Le Conseil constitutionnel juge que « le législateur a méconnu l’étendue de sa compétence » en omettant d’instituer les garanties permettant d’éviter une atteinte aux libertés. La loi ne saurait se décharger de sa mission de protection des droits fondamentaux par un renvoi systématique à un décret en Conseil d’État. Cette décision renforce l’obligation pour le Parlement d’épuiser sa compétence lorsqu’il traite de domaines touchant à l’exercice de libertés constitutionnellement garanties.
II. Une abrogation différée au service de la sécurité juridique
A. La protection de l’ordre économique et communicationnel
La déclaration d’inconstitutionnalité n’entraîne pas la disparition immédiate de la norme car le Conseil doit concilier le respect de la Constitution et la stabilité. Les juges considèrent que « l’abrogation immédiate de cet article aurait, pour la sécurité juridique, des conséquences manifestement excessives » au regard du volume des domaines attribués. Une annulation instantanée risquerait de paralyser l’ensemble du système français d’adressage internet et de fragiliser des milliers de sites web en exploitation. L’intérêt général commande ici de maintenir temporairement un cadre juridique vicié pour éviter un vide administratif total dans la gestion numérique nationale.
Le Conseil refuse d’indiquer les principes précis que le Parlement devra retenir, respectant ainsi la séparation des pouvoirs et la liberté souveraine du législateur. Il se contente de censurer le défaut de base légale suffisante sans préjuger du contenu futur des règles d’attribution des noms de domaine. Cette prudence juridictionnelle permet de sauvegarder les droits déjà acquis par les titulaires de noms de domaine avant l’intervention de la nouvelle loi.
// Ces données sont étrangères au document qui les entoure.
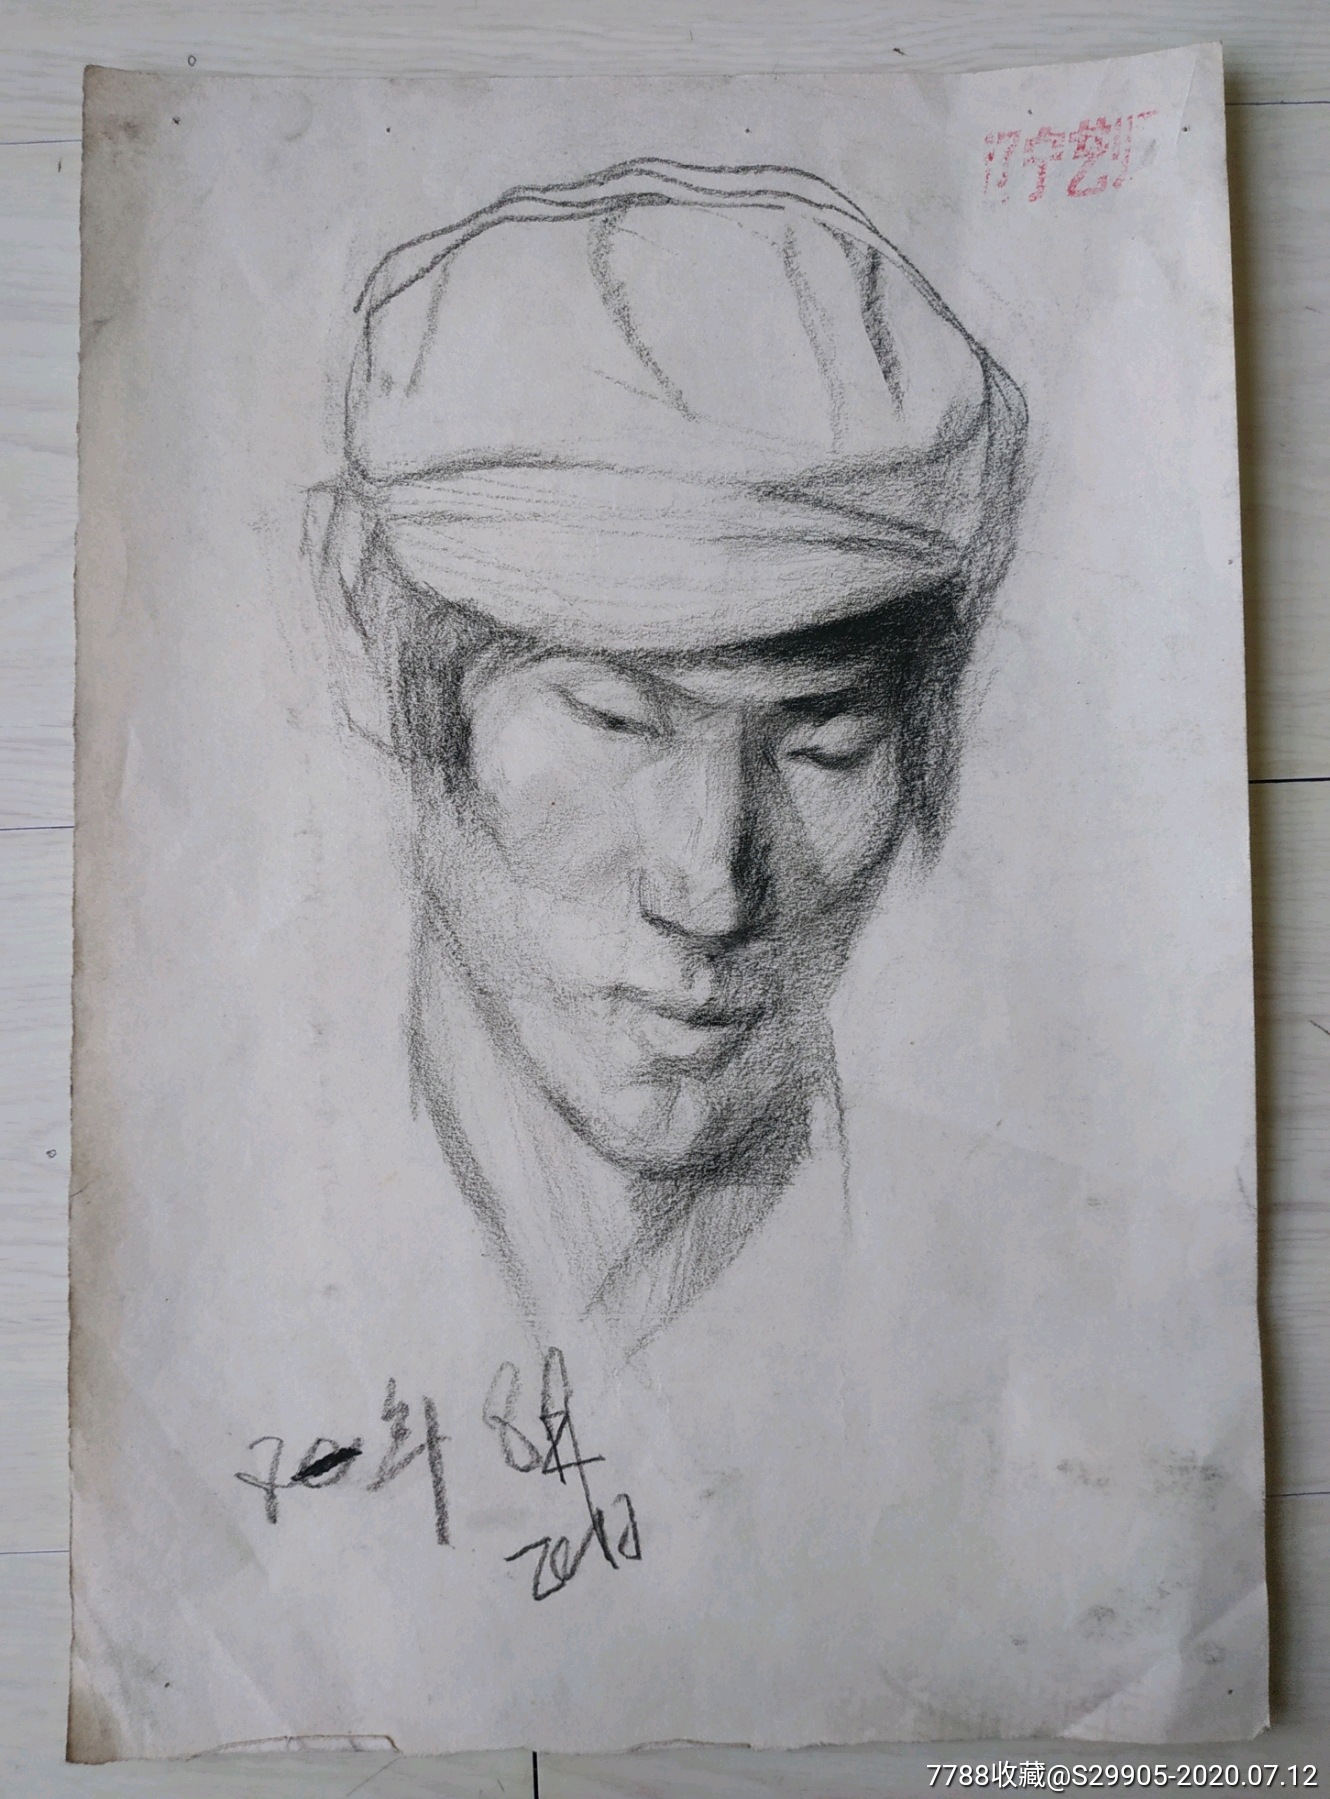 鲁美教授素描作品:戴帽子的男子头像-素描/速写-7788

B. La modulation des effets de la décision dans le temps
L’abrogation est fixée au premier juillet 2011 afin d’octroyer un délai raisonnable aux pouvoirs publics pour rédiger un nouveau texte conforme aux exigences. Les actes passés sous l’empire de l’ancienne loi « ne peuvent être contestés sur le fondement de cette inconstitutionnalité » afin de protéger les situations établies. Cette technique de report préserve la continuité du service public de l’adressage tout en imposant une régularisation rapide par la voie législative parlementaire. Le Conseil constitutionnel veille ainsi à ce que sa décision ne devienne pas une source de désordre économique majeur pour les entreprises.
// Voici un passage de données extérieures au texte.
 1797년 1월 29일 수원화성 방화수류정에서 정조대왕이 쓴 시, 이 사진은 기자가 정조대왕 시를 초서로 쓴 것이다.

Cette décision illustre la volonté de la juridiction de garantir l’effectivité des droits tout en maîtrisant les conséquences pratiques de ses interventions sur le droit. Le législateur se trouve désormais contraint de réinvestir son champ de compétence pour encadrer strictement l’action des organismes de nommage internet. La sécurité des échanges électroniques demeure la priorité absolue dans la transition vers un cadre légal respectueux des principes fondamentaux de la Constitution.